Артур не был до конца уверен, но у него появилось такое чувство, что он прошёл какое-то важное испытание. Однако это тёплое чувство рассеялось, как только он подумал о Мэллори.
– Хотелось бы мне всё же знать, где она, – заметил он.
– Не очень далеко, – ответила мышь.
Артур пристально поглядел на крохотную зверушку. Можно подумать, она на самом деле знает, где Мэллори. А потом он вспомнил, как стены садового сарая раздвинулись и как они очутились среди дёсенных деревьев, палой листвы и клыков, и вдруг сообразил, что мышь, вполне вероятно, знает, и где Мэллори, и всё прочее, и что, может быть, всё ещё будет хорошо.
А ещё он понял – и не в первый раз, – что мыши наверняка вовсе не нужна его помощь, чтобы открыть дверцу птичьей клетки, эта мышь, стоит ей захотеть, запросто пройдёт прямо через решётку. И решил даже не гадать, почему мышь не делает этого.
Артур обвёл взглядом небольшую площадь. Её окружали престранные белые здания. Они вырастали над розоватыми камнями мостовой и выглядели настолько отполированными, что сверкали на солнце.
– А это за дома? – спросил он.
Мышь небрежно бросила:
– О, это светские здания.
– Светские здания? – не понял Артур.
– Да, они очень вежливые и общительные. Вот это – канцелярия Чаросчётной палаты. Мы попозже пойдём туда, чтобы Чаросчёт организовала выкуп. Вон там – Суд да Дело, где служит Майор Крыса. А там – Кладезь Мудрости, дом премудрой.
– Премудрой?
– Да, – сказала мышь. – Зуб Мудрости, моя начальница.
– А вон там что?
Артур указал. Это четвёртое здание, в отличие от остальных, было пожелтевшим, в пятнах, весьма неприятного вида.
– А, – пробормотала мышь, – это Казубат.
– Казубат?
– Да, – ответила мышь, – туда отправляются все злодеи.
Артур вдруг испугался за Мэллори.
Не может ли она оказаться в этом жуткого вида здании? Но была ли Мэллори злой? Она могла быть ужасно вредной, эгоистичной – и откровенно плохой, честно говоря, но вот злой? Артур не вполне понимал, в чём тут разница.
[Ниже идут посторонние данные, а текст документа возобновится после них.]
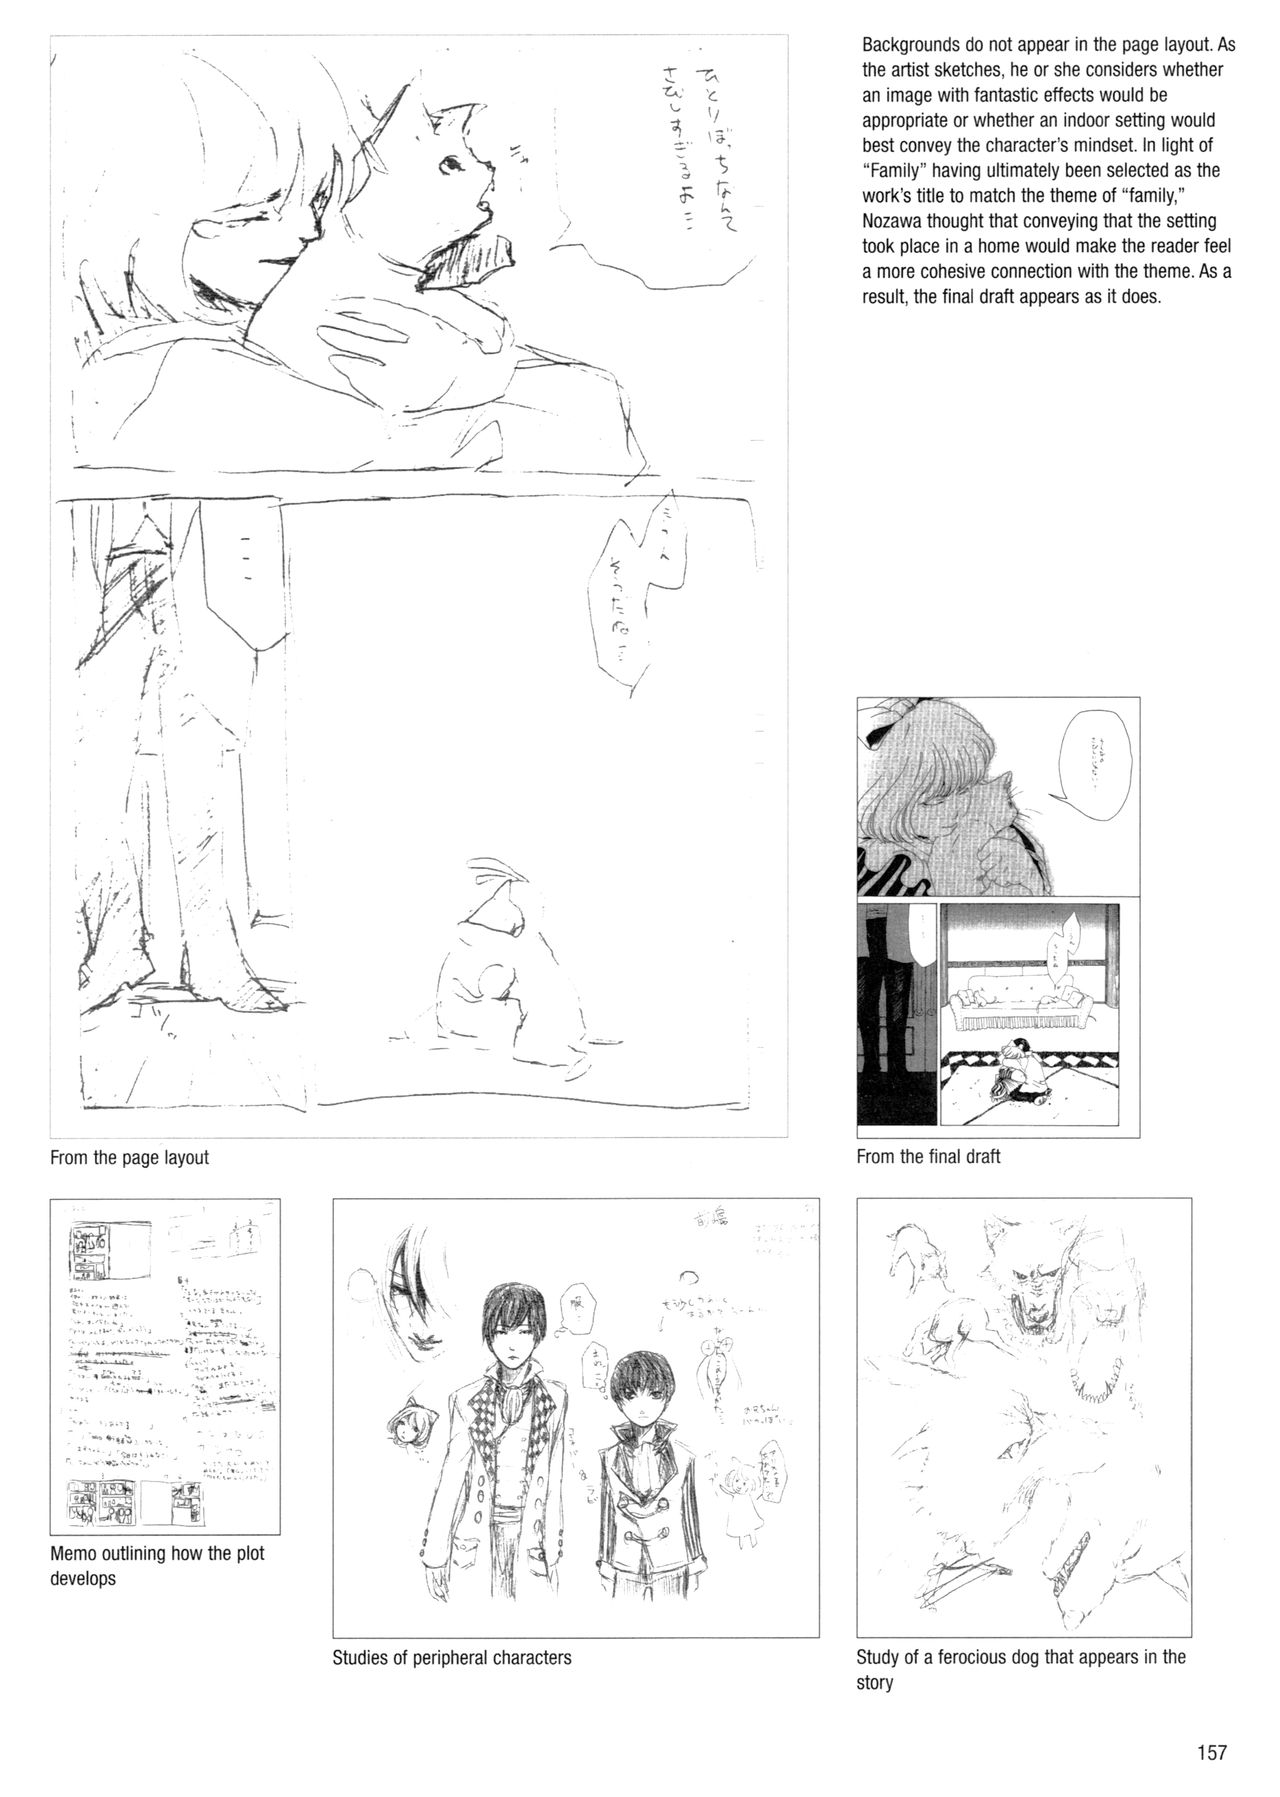 Sketching Manga-Style Vol. 3 - Unforgettable Characters 156

Он заметил, что мышь смотрит на него так, словно знает, о чём он думает.
– Давай надеяться, что до этого не дойдёт, – сказала мышь.
Артур кивнул. Он надеялся, что до этого не дойдёт.
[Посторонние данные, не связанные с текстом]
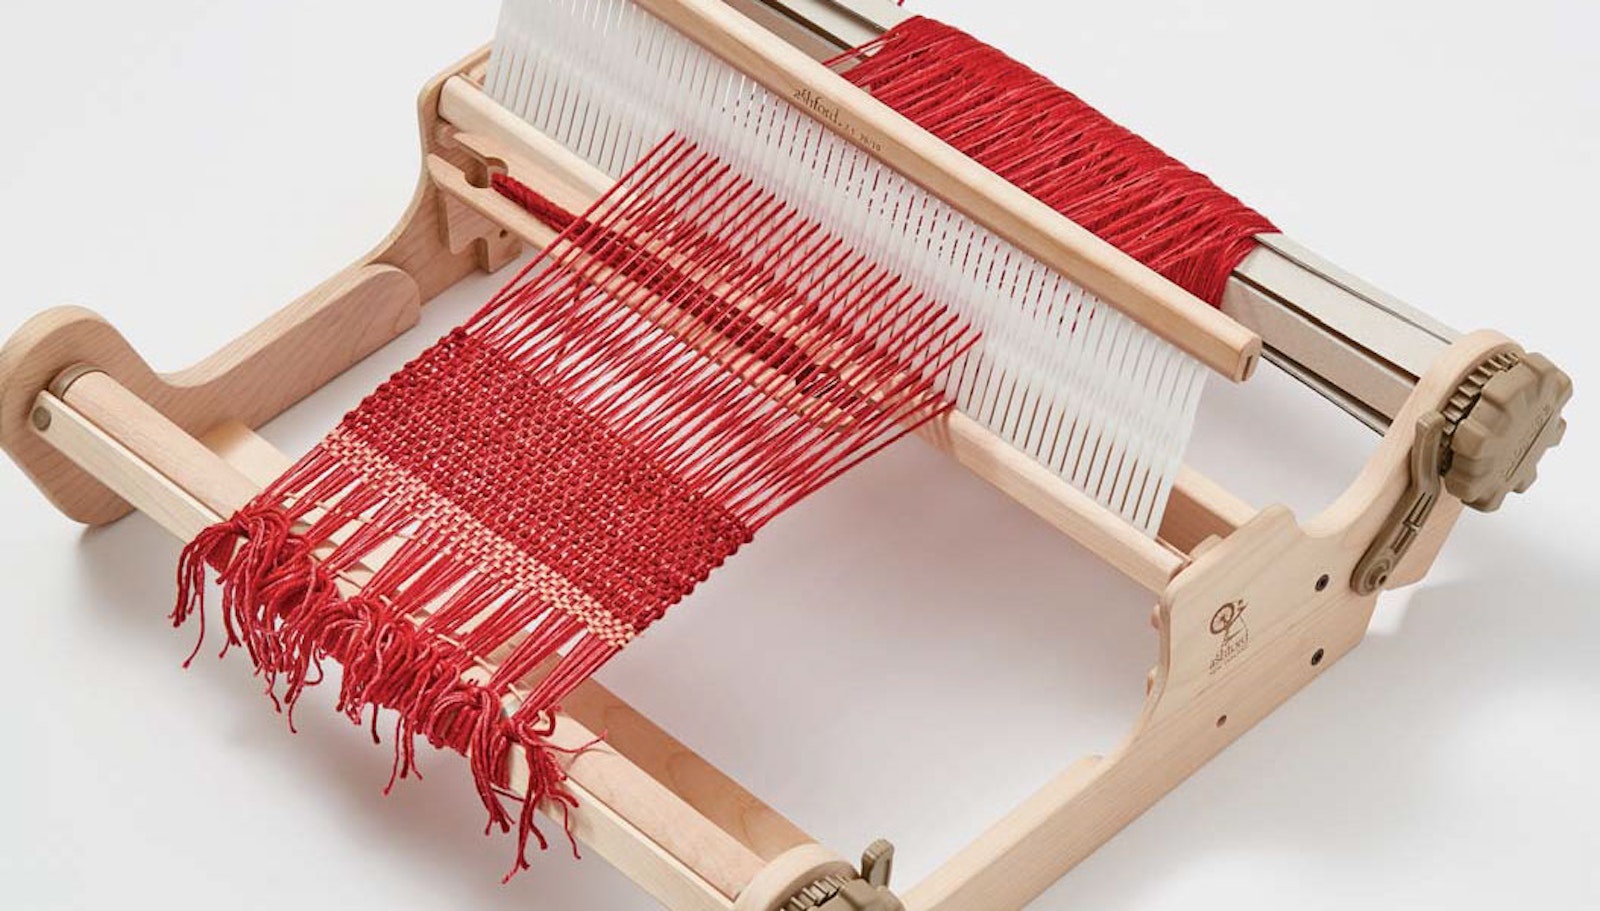 Tapestry Weaving Stand by Friendly Loom

Он прислонился спиной к ступеньке и прикрыл глаза. Солнце грело, и он был благодарен, что не нужно больше тащить клетку. Он слышал, как Брюс время от времени заходился булькающим хохотком, и мог различить царапанье коготков, когда птица перешагивала по жёрдочке. От мыши не доносилось ни звука, и вокруг везде и всё было тихо. Площадь была пуста, странные белые здания, по-видимому, стояли пустые и безжизненные.
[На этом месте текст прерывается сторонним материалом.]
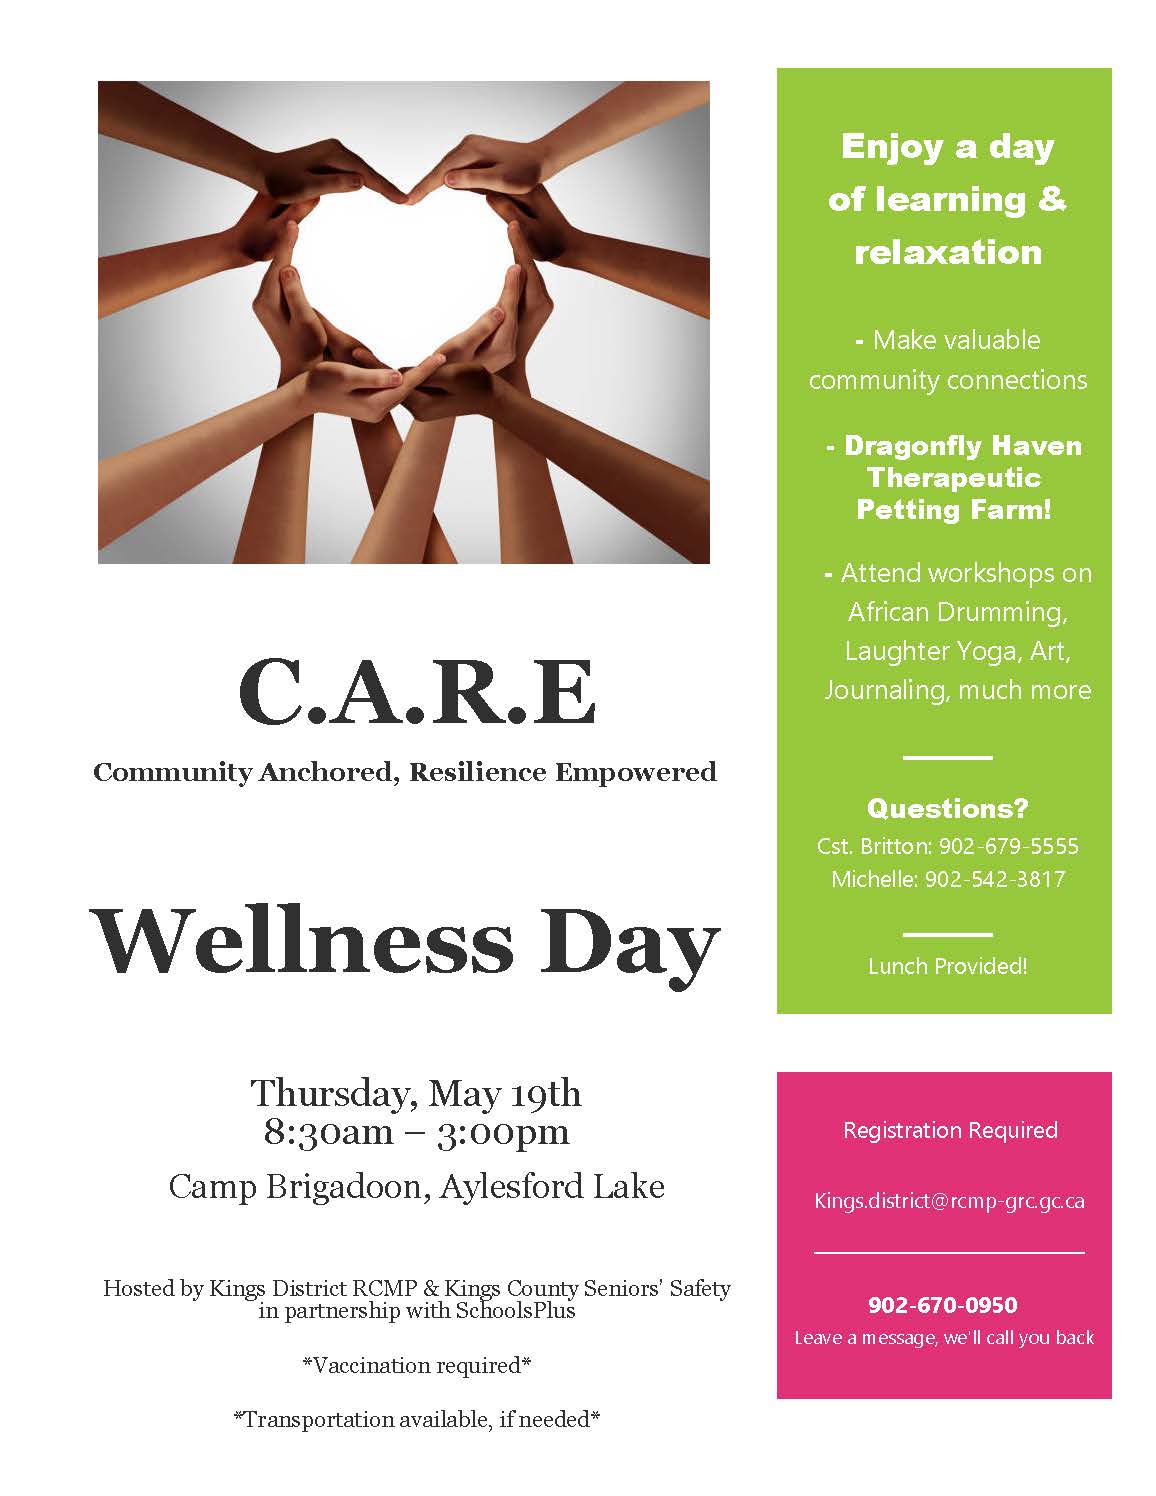 CARE Wellness Day Poster

Он снова принялся гадать, что же случилось с Мэллори. Она должна была быть далеко впереди, принимая во внимание то, с какой скоростью она удирала от клыков. Затем он вспомнил тревожное замечание мыши о том, что Мэллори могла свернуть на развилке на неправильную дорожку и попасть к пирожникам. Он надеялся, что этого не произошло. Пирожники, похоже, были совершенно, совершенно ужасные типы.
И в это мгновение он услышал тихие шаркающие шаги. Он открыл глаза. На него упала тень.
Артур поднял глаза.
Перед ним стояла высокая фигура. На ней был костюм-тройка, высокий цилиндр, зауженные брюки, вместо галстука повязана бантом узкая лента. Как и у таможенников, вся одежда на ней была молочно-белая, белыми были и волосы, свисавшие к плечам водопадом тонких прядей. Артур не мог сказать, побелели ли волосы от старости или были такие от природы. На лицо тоже нельзя было ориентироваться – возраст по нему не определялся.
К счастью, скользнув по Артуру быстрым взглядом, фигура утратила к нему всякий интерес, поскольку заметила в поддоне клетки мышь.
Её глаза округлились, когда она её узнала.
– Зубная фея! – воскликнула она. – Чего это ради ты надела птичью клетку? Это новый писк моды?
– О, привет, Чаросчёт, – отозвалась мышь. – Нет, это не мода, это скорее тюрьма. Вскоре всё разъяснится, я полагаю.
– Тайна? – уточнила Чаросчёт. – Ой, славно. Обожаю тайны. А птица?
– Брюс, – ответила мышь. – Брюс – волнистый попугайчик.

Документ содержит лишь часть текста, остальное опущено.